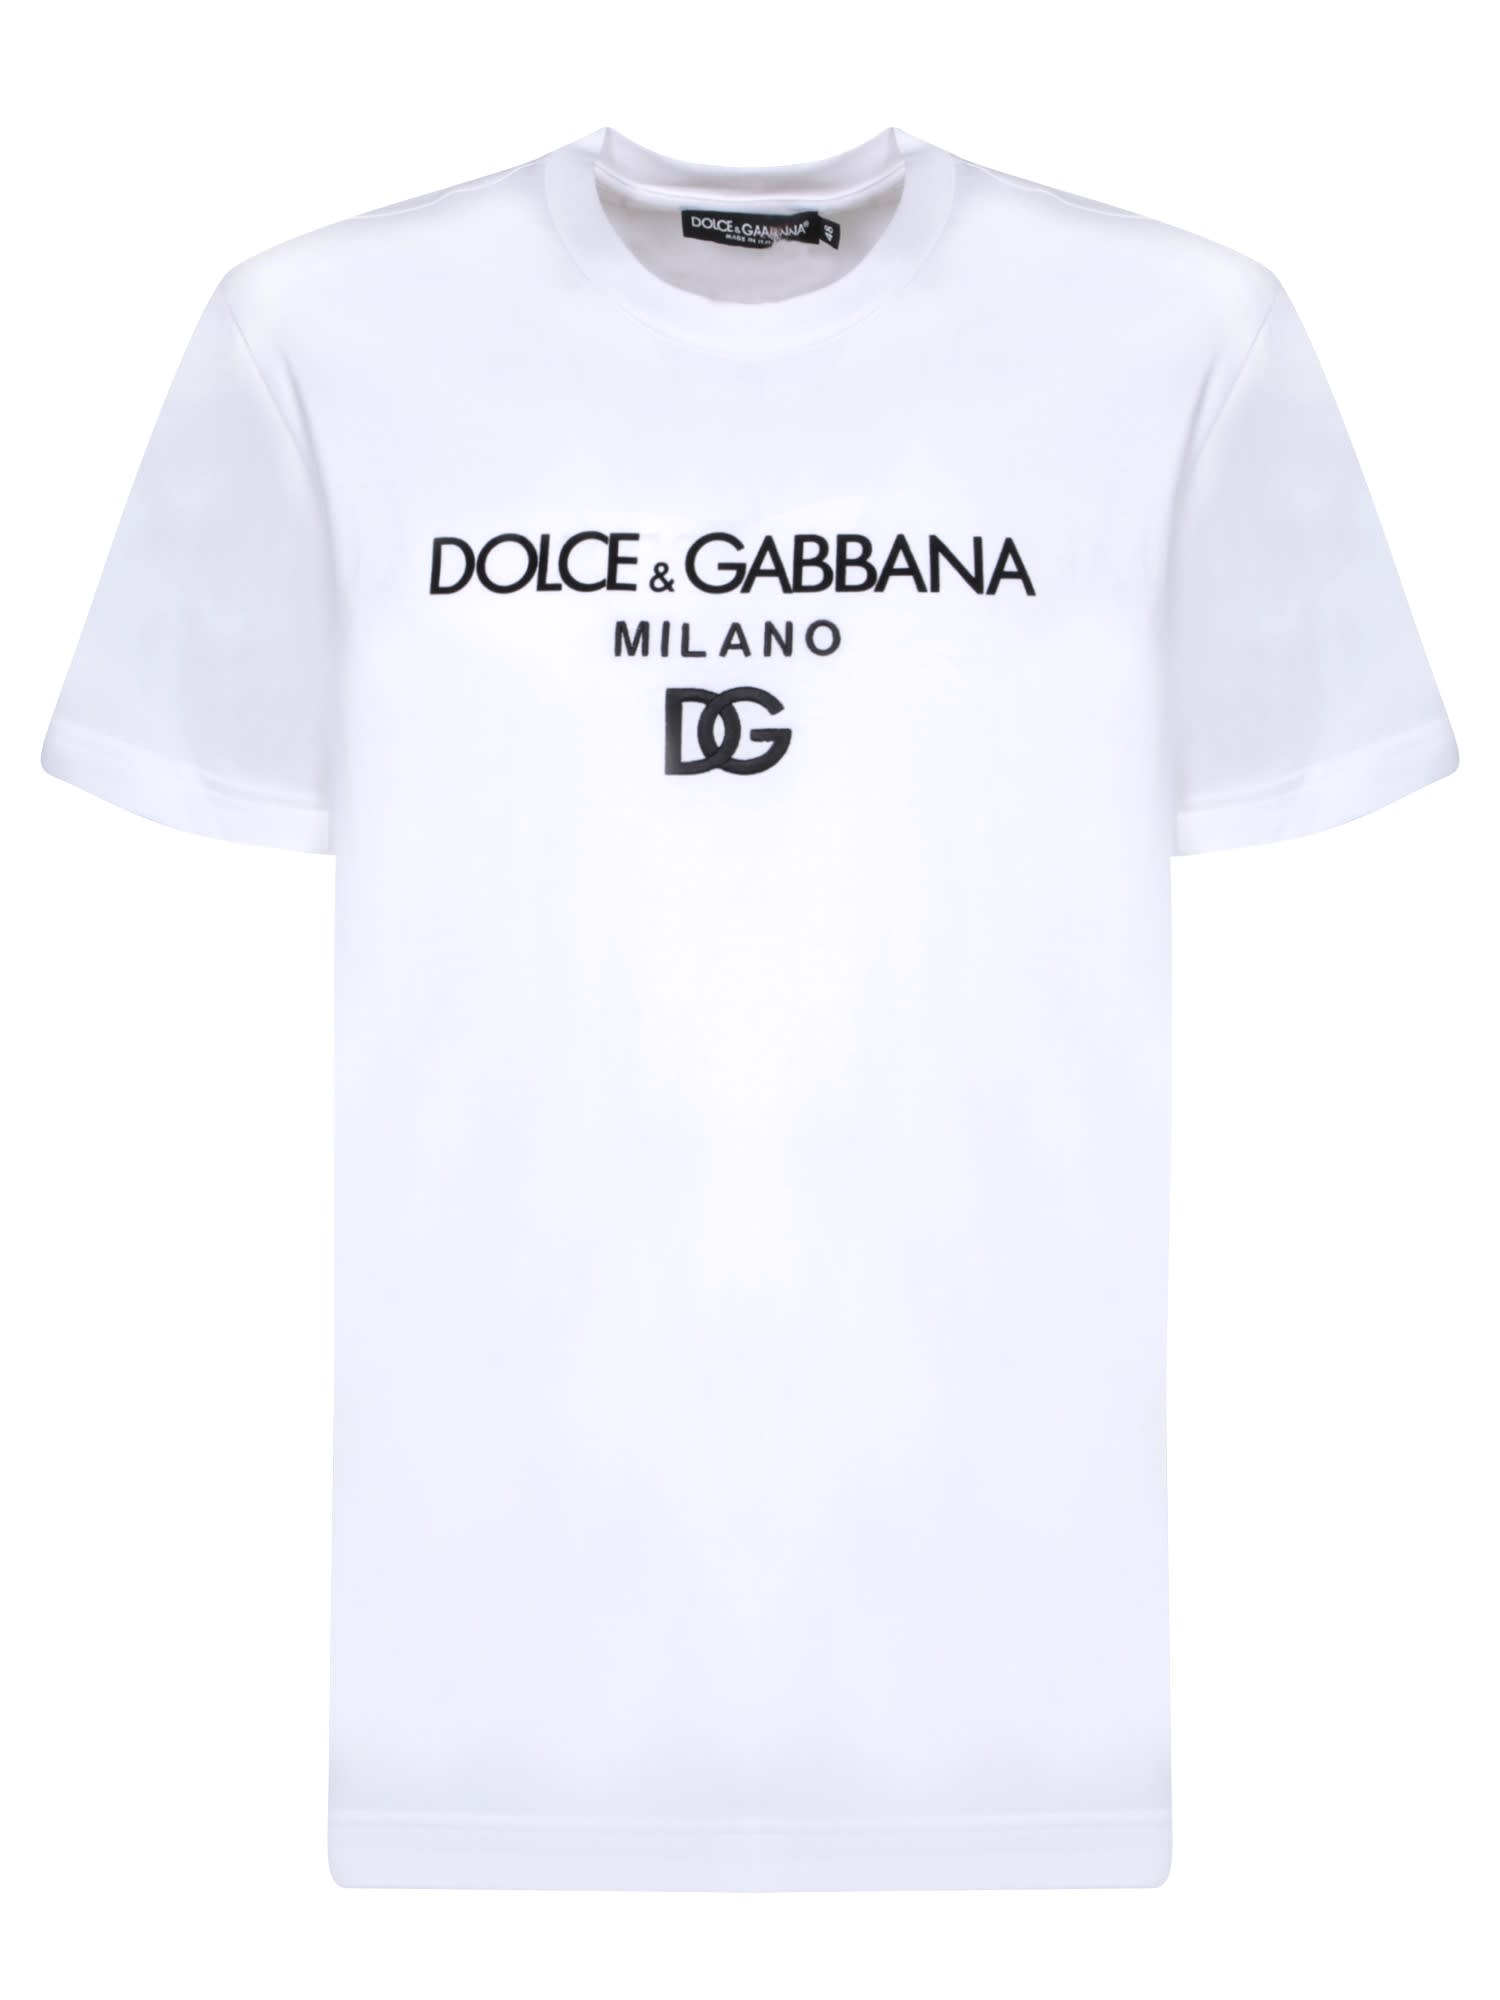 DOLCE & GABBANA LOGO WHITE T-SHIRT
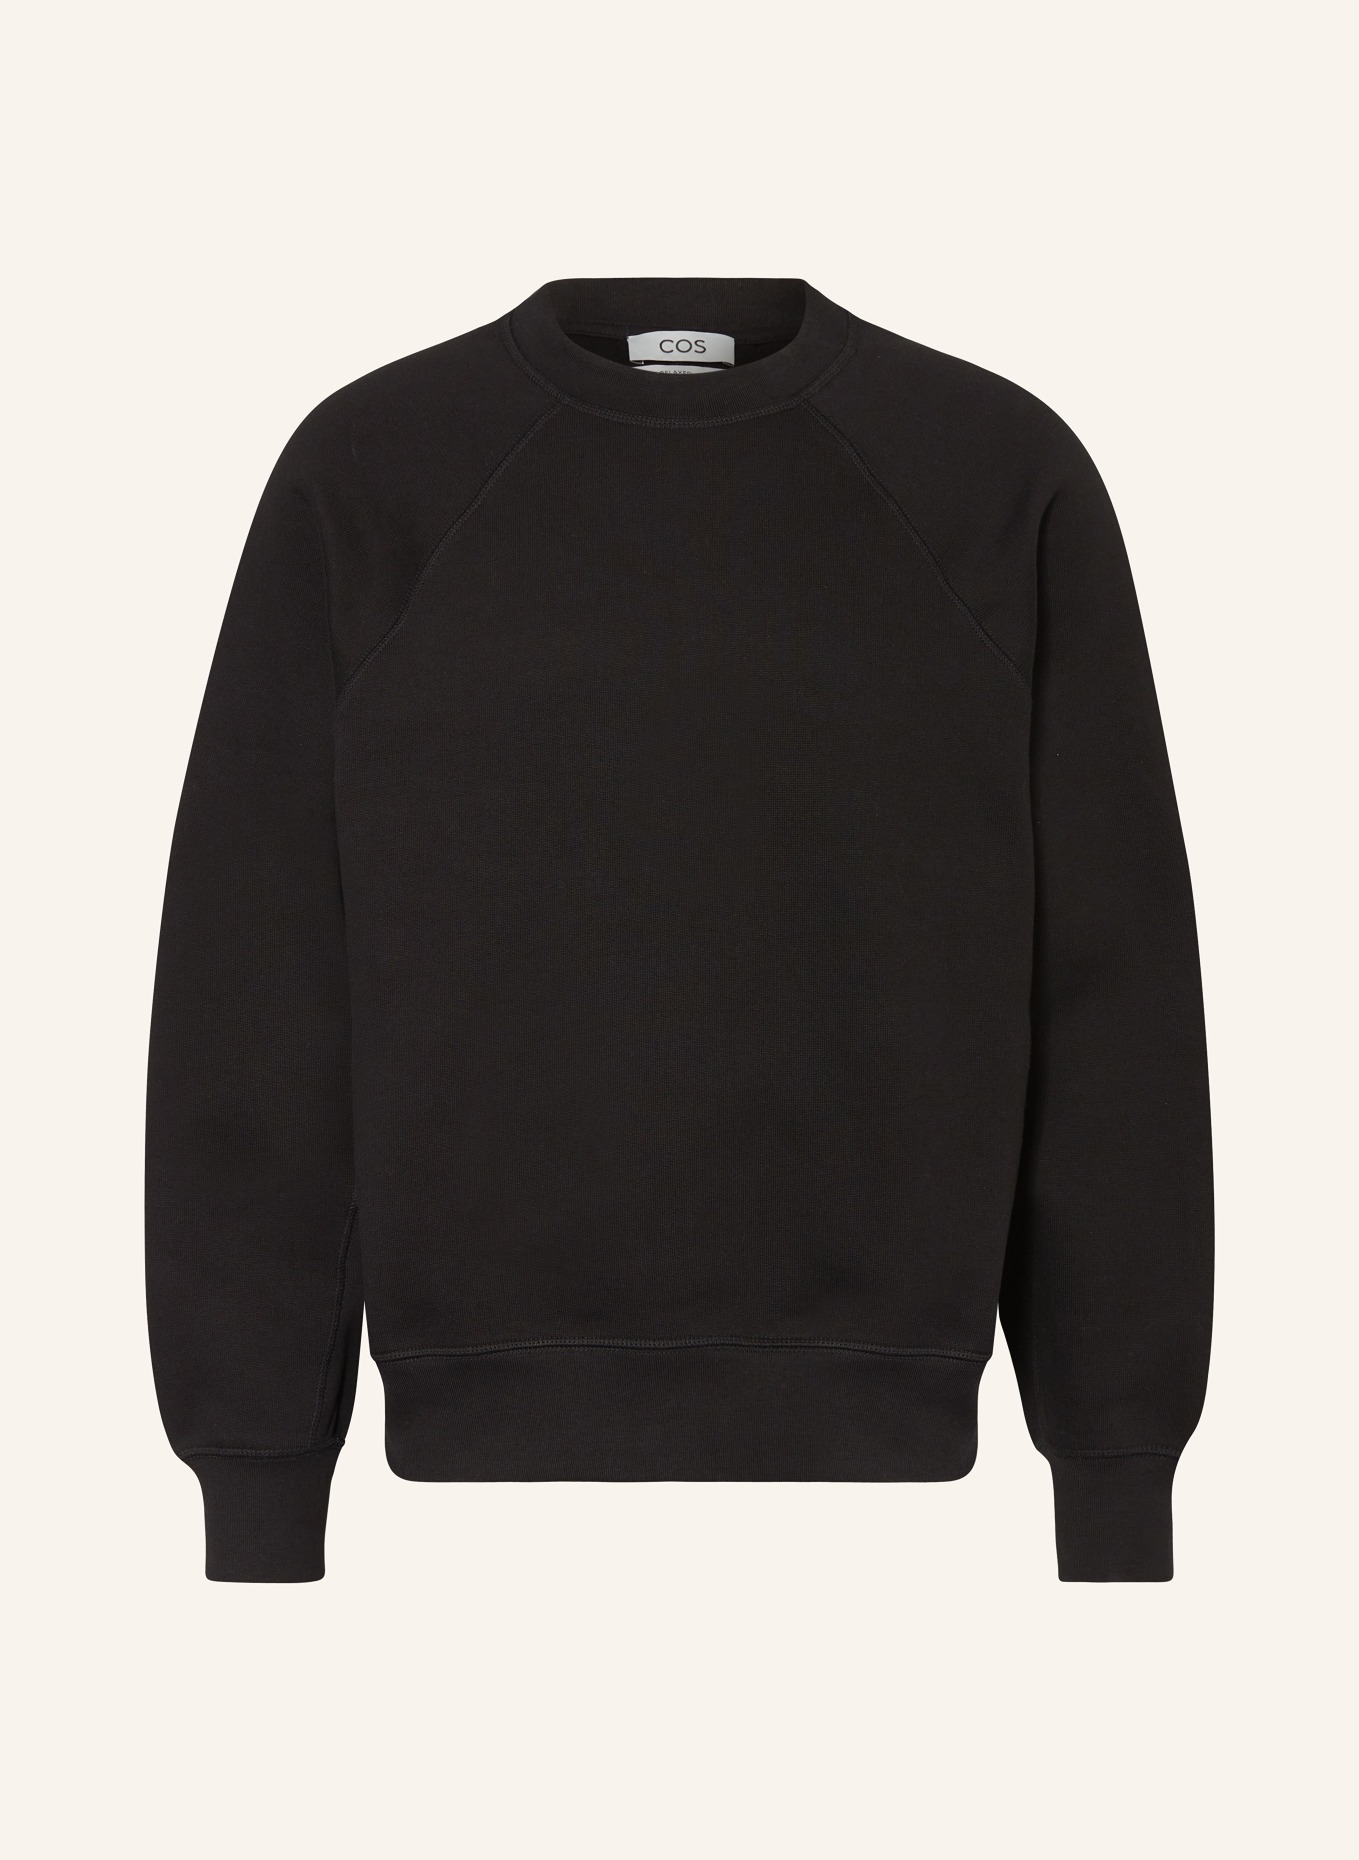 COS Sweatshirt, Color: BLACK (Image 1)
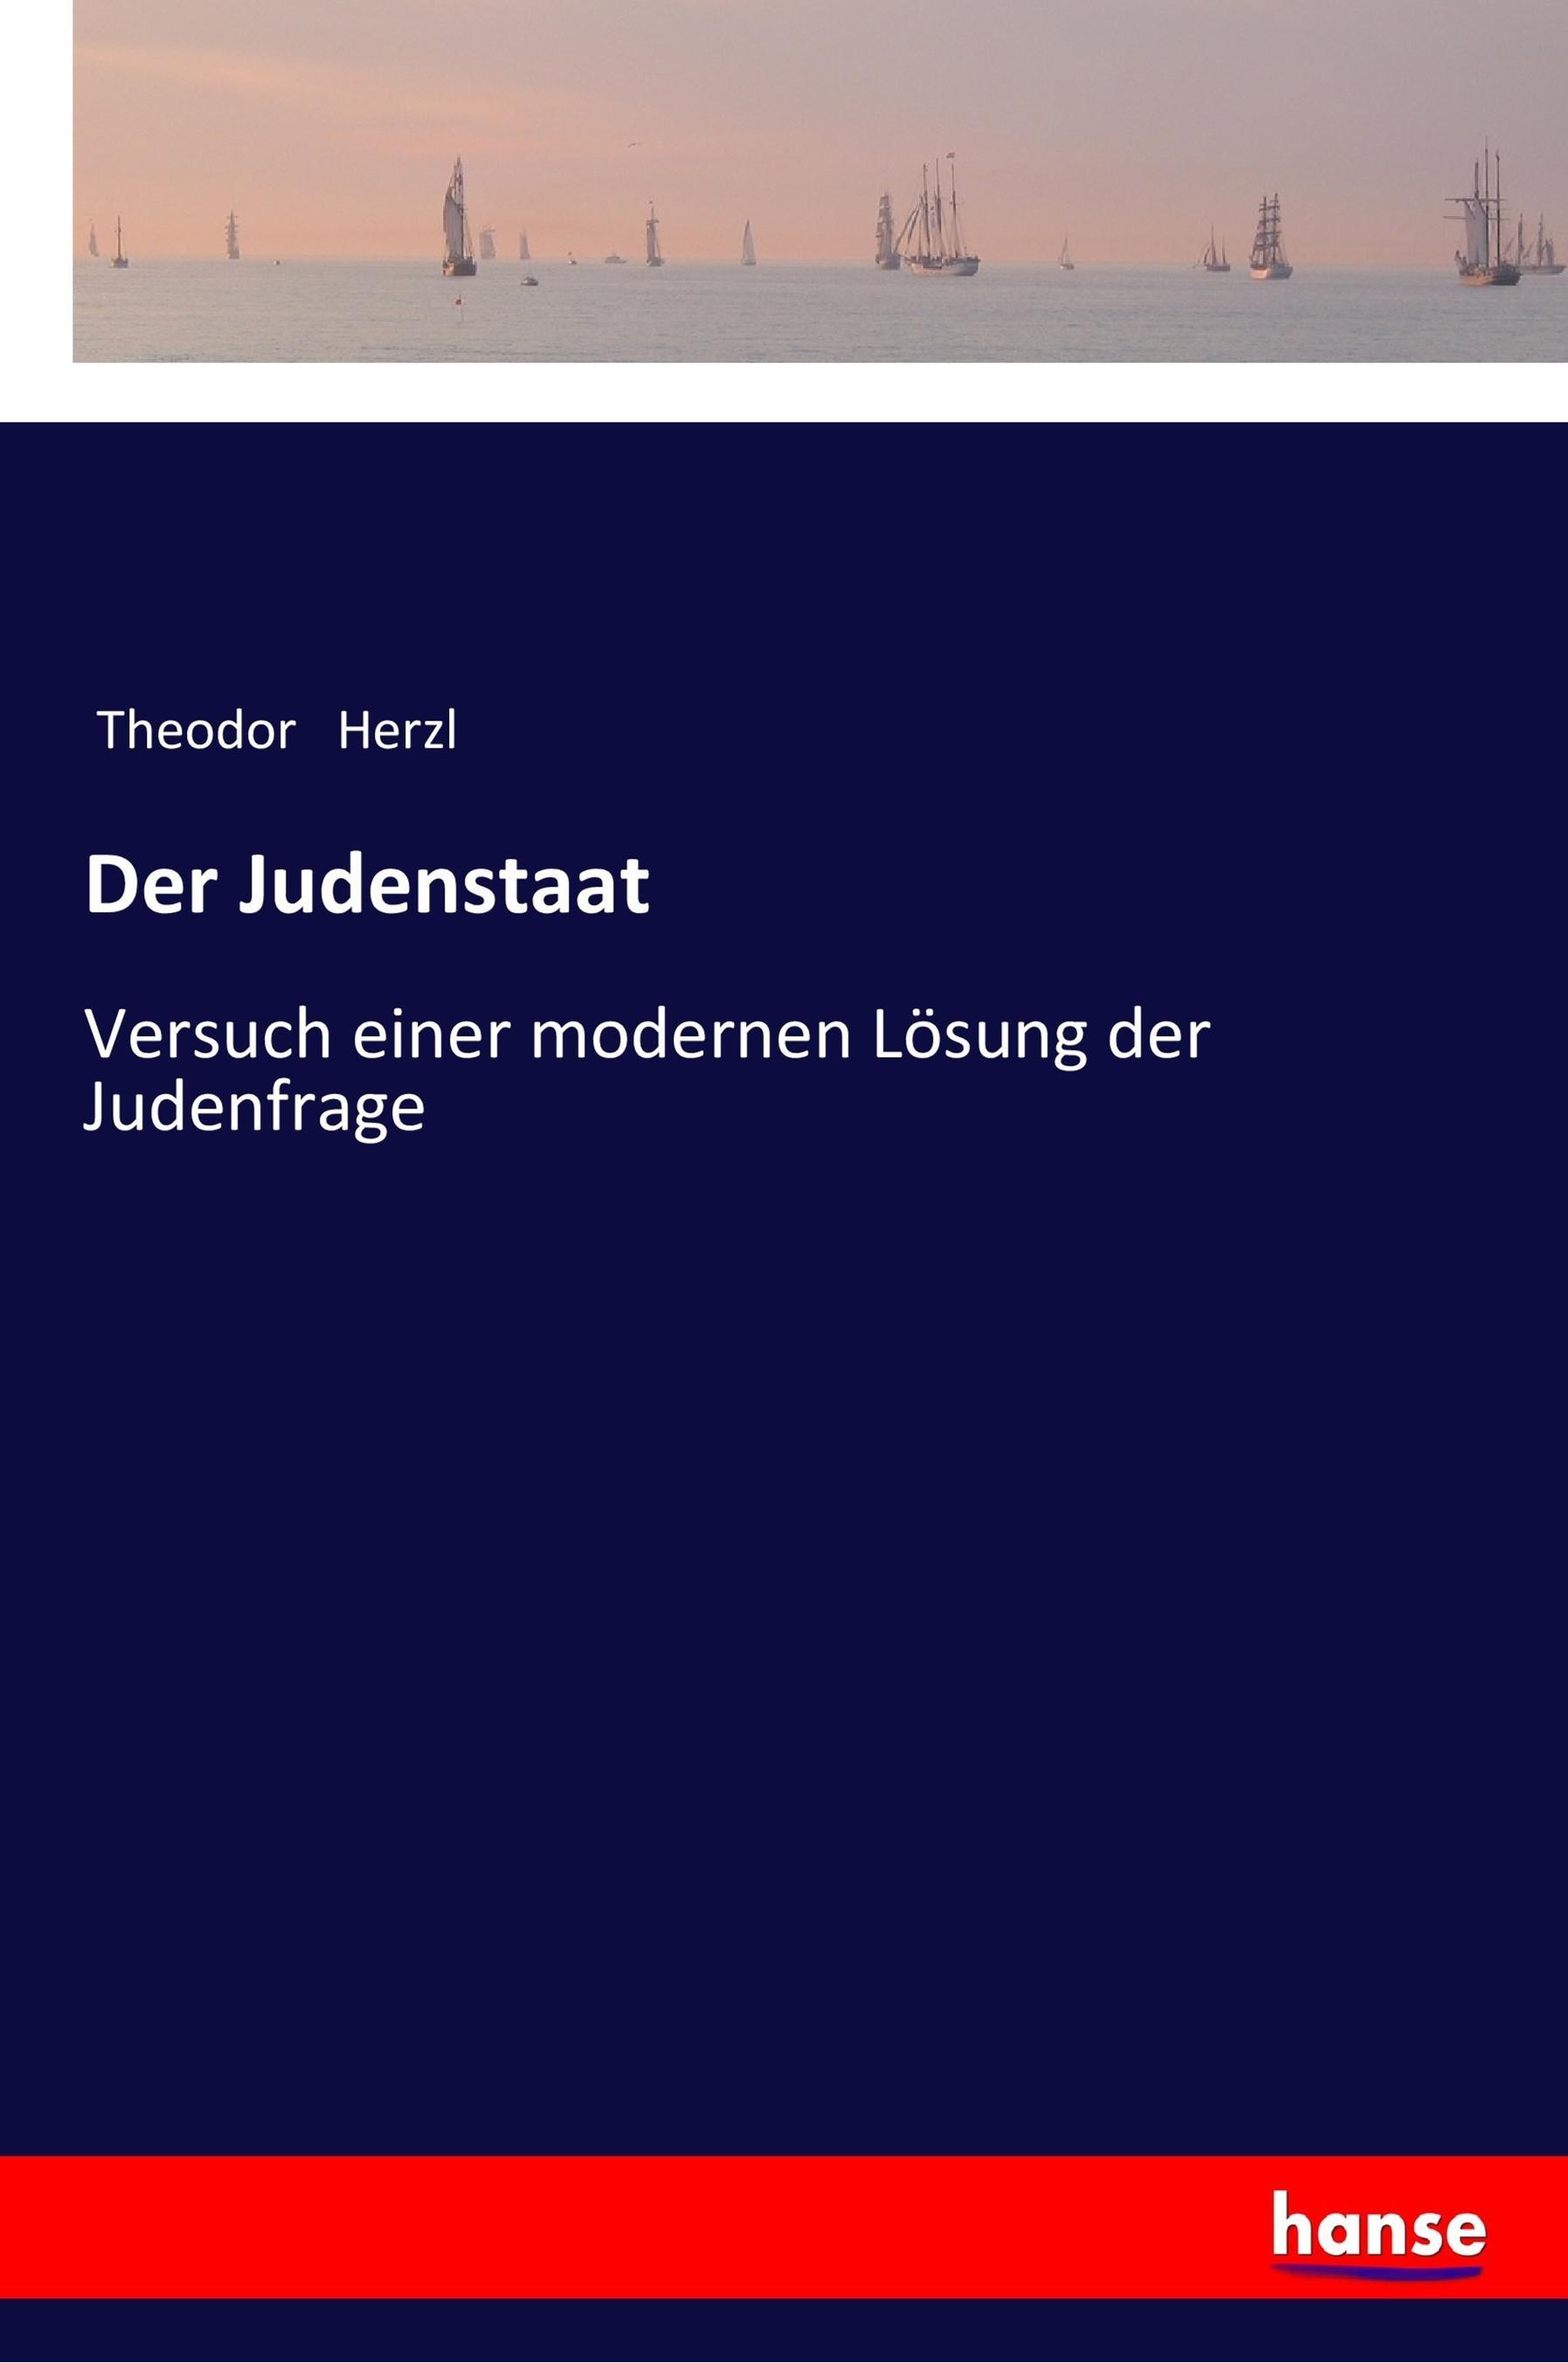 Der Judenstaat - Herzl, Theodor
☆ ☆ ☆ ☆
**Exercise:** Your task is to reproduce exactly the lines from the one with "COS Sweatshirt, Color: BLACK (Image 1)" to the end of the material, both included, with the pictures left out.

**Answer section:**
 COS Sweatshirt, Color: BLACK (Image 1)
 Der Judenstaat - Herzl, Theodor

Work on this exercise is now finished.